21.1 Introduction to LongBet

As businesses and policymakers increasingly rely on longitudinal data to make causal inferences, there’s a growing need for methods that can handle the complexities of panel data while estimating heterogeneous treatment effects. LongBet, introduced by Wang, Martinez, and Hahn (2024), fills this gap by extending the Bayesian Causal Forest (BCF) model to panel data settings.

LongBet is particularly suited for short panel data with large cross-sectional samples and observed confounders. Unlike traditional difference-in-differences methods that often rely on the parallel trends assumption, LongBet leverages observed confounders to impute potential outcomes and identify treatment effects. LongBet models the data generating process as follows:

\[ Y_{it} = \alpha\mu(X_i, T=t) + \beta_S\nu(X_i, S_{it}, T=t) + \epsilon_{it} \]

where:

  • \(Y_{it}\) is the outcome for individual \(i\) at time \(t\)
  • \(X_i\) are time-invariant covariates
  • \(S_{it}\) is the time elapsed since treatment adoption
  • \(T\) is the time period
  • \(\mu(\cdot)\) is the prognostic function
  • \(\nu(\cdot)\) is the treatment effect function
  • \(\beta_S\) is a Gaussian process factor capturing the general trend of treatment effects
  • \(\epsilon_{it}\) is an independent Gaussian error term

Both \(\mu(\cdot)\) and \(\nu(\cdot)\) are modeled using XBART and considering splits on the time dimension.

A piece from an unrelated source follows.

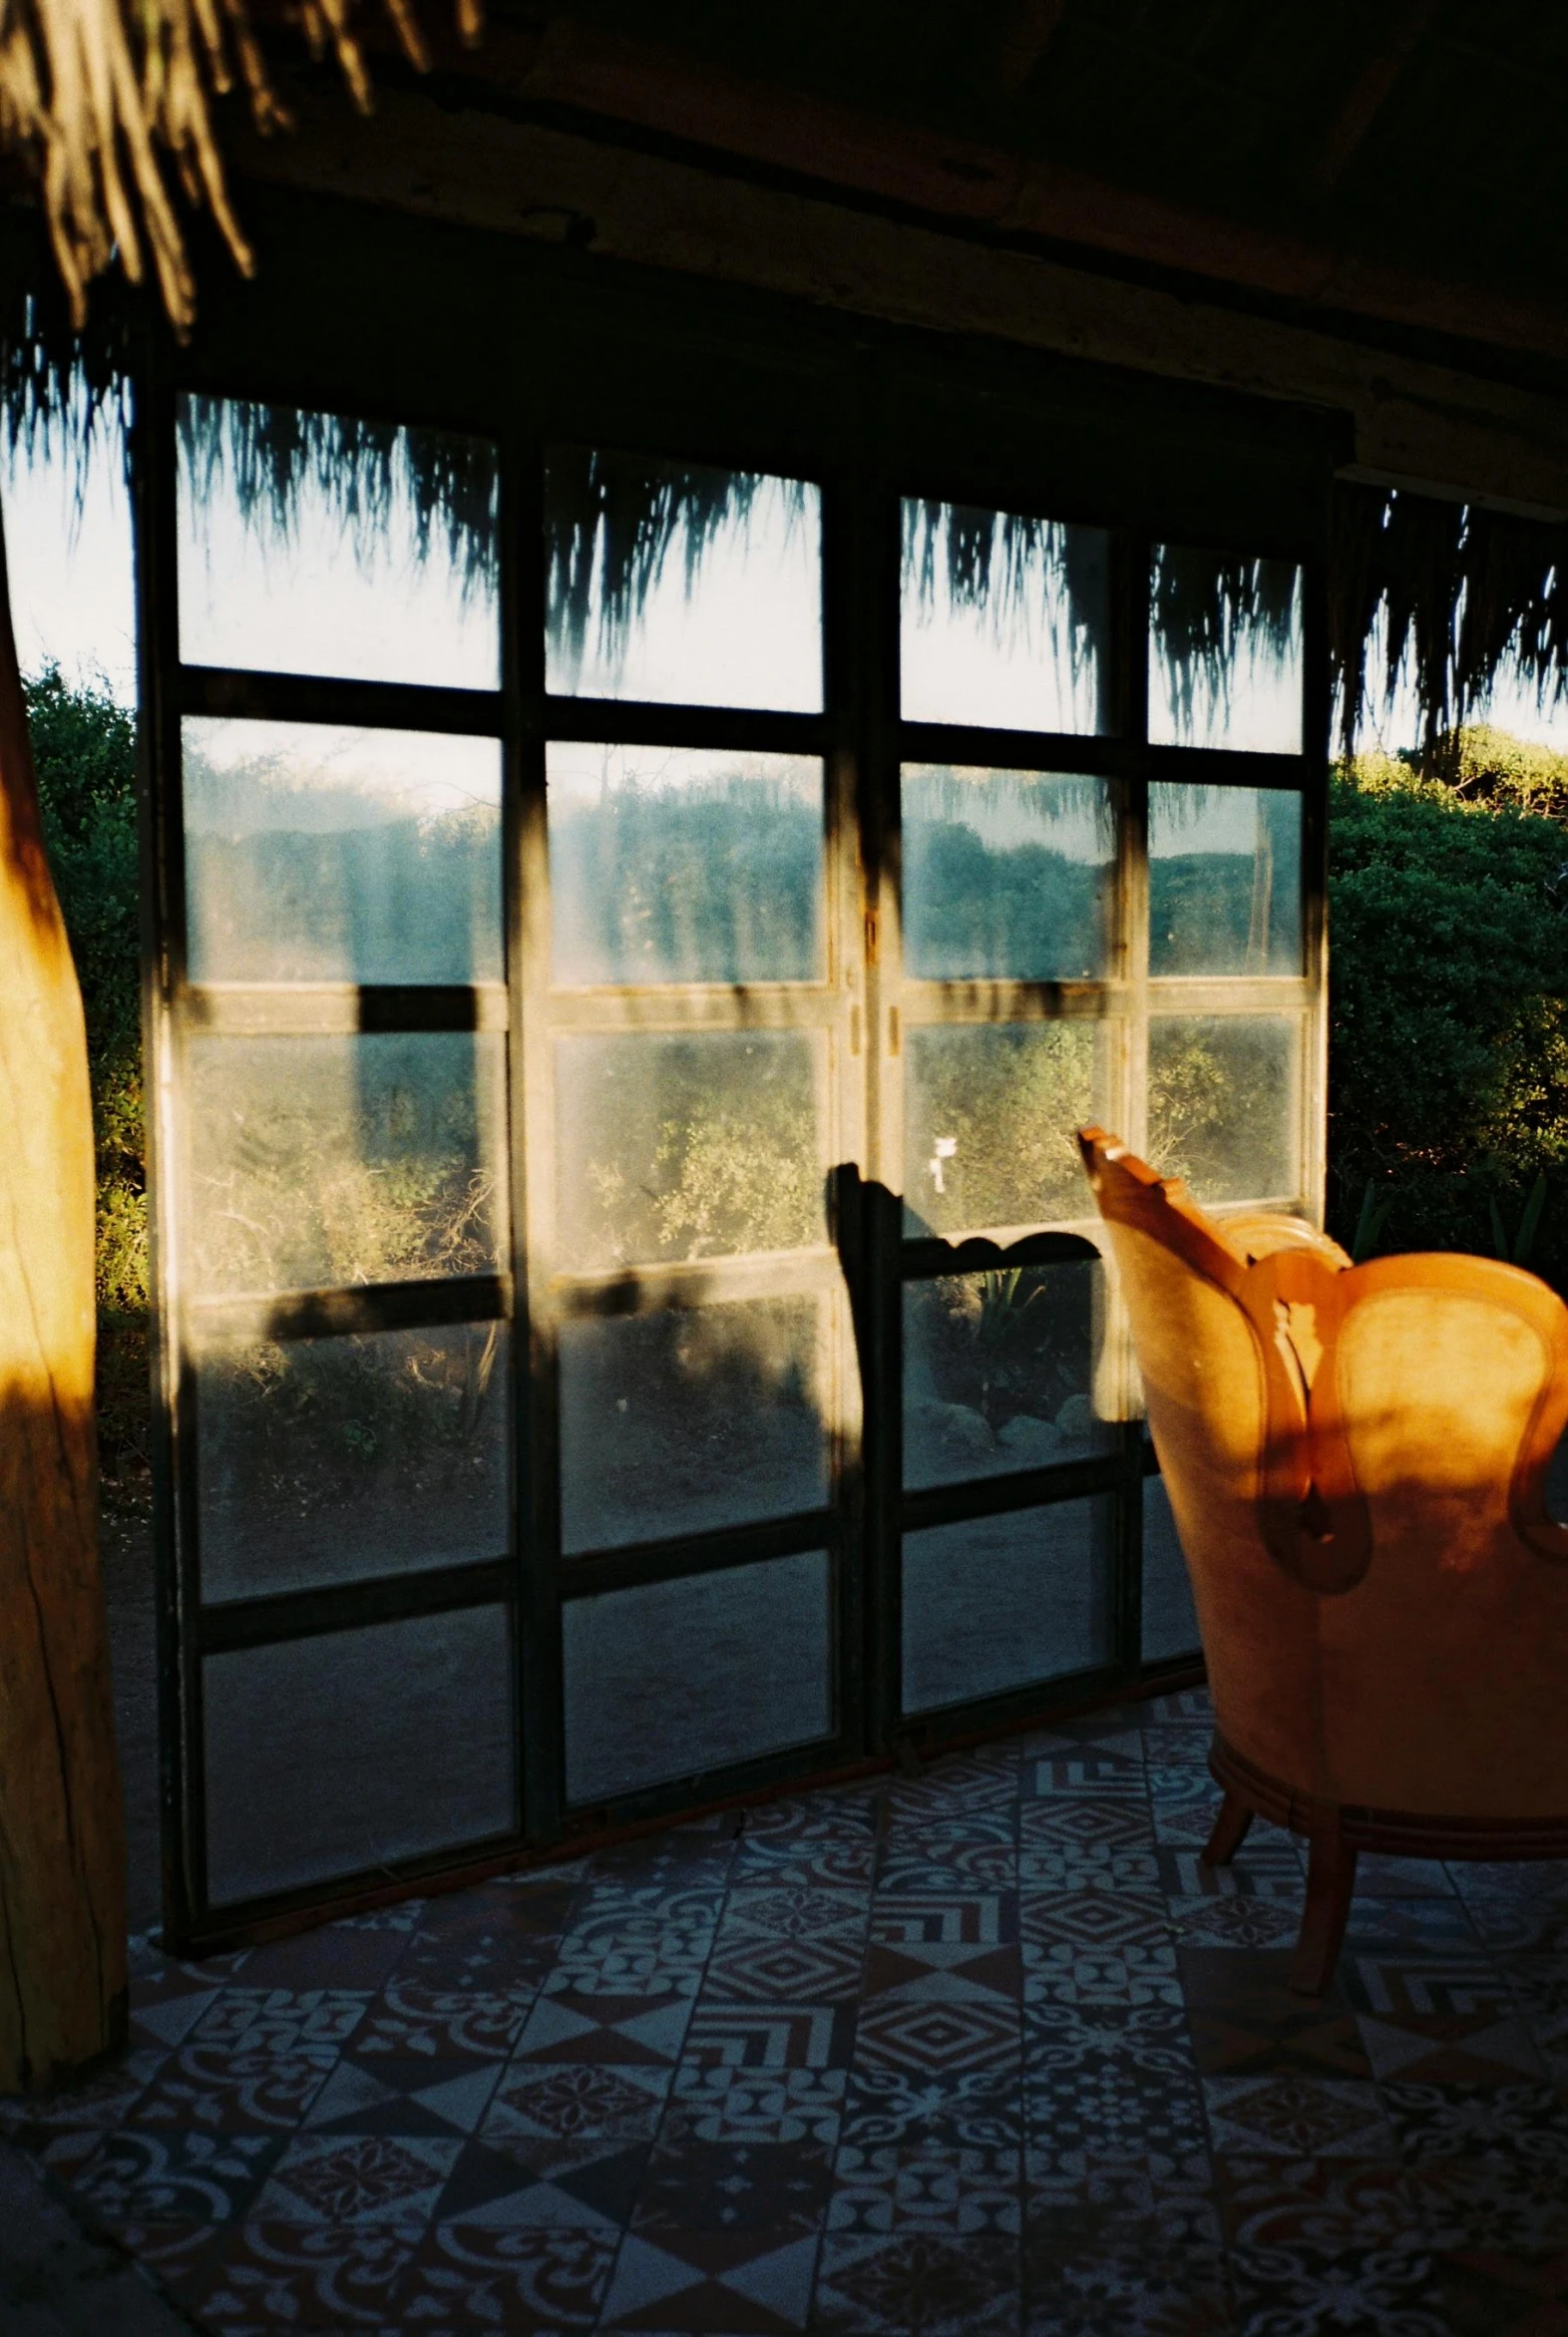 an image of a chair looking out into the open

21.2 Key Features of LongBet

  1. Flexibility in Trend Modeling: LongBet doesn’t require the parallel trends assumption, making it suitable for scenarios where this assumption may not hold.
  2. Handling of Staggered Adoption: The model can accommodate treatments adopted at different times across units.
  3. Separation of Prognostic and Treatment Effects: Like BCF, LongBet separates the modeling of prognostic and treatment effects, allowing for different regularization strategies.
  4. Time-Varying Treatment Effects: The model captures how treatment effects may change over time since adoption.
  5. Bayesian Uncertainty Quantification: As a Bayesian method, LongBet provides credible intervals for conditional treatment effects.

21.3 Comparison with Traditional Panel Methods

LongBet offers several advantages over traditional panel data methods:

  1. Relaxed Assumptions: Unlike difference-in-differences, LongBet doesn’t rely on the parallel trends assumption.
  2. Heterogeneous Effects: LongBet can capture complex, nonlinear heterogeneity in treatment effects.
  3. Flexible Functional Form: The use of tree-based models allows for flexible modeling of the relationship between outcomes, covariates, and time.
  4. Uncertainty Quantification: The Bayesian framework provides natural uncertainty estimates for all quantities of interest.

21.4 Example Application

TODO

21.5 Conclusion

LongBet represents a significant advancement in causal inference for panel data. By combining the flexibility of tree-based methods with the ability to handle longitudinal data, it offers a powerful tool for estimating heterogeneous treatment effects in complex, real-world scenarios.

However, like all methods, LongBet has its limitations. It assumes that all relevant confounders are observed and time-invariant. It may also struggle in scenarios with limited overlap between treated and control units across time. As always in causal inference, careful consideration of the problem at hand and the assumptions of the method is crucial.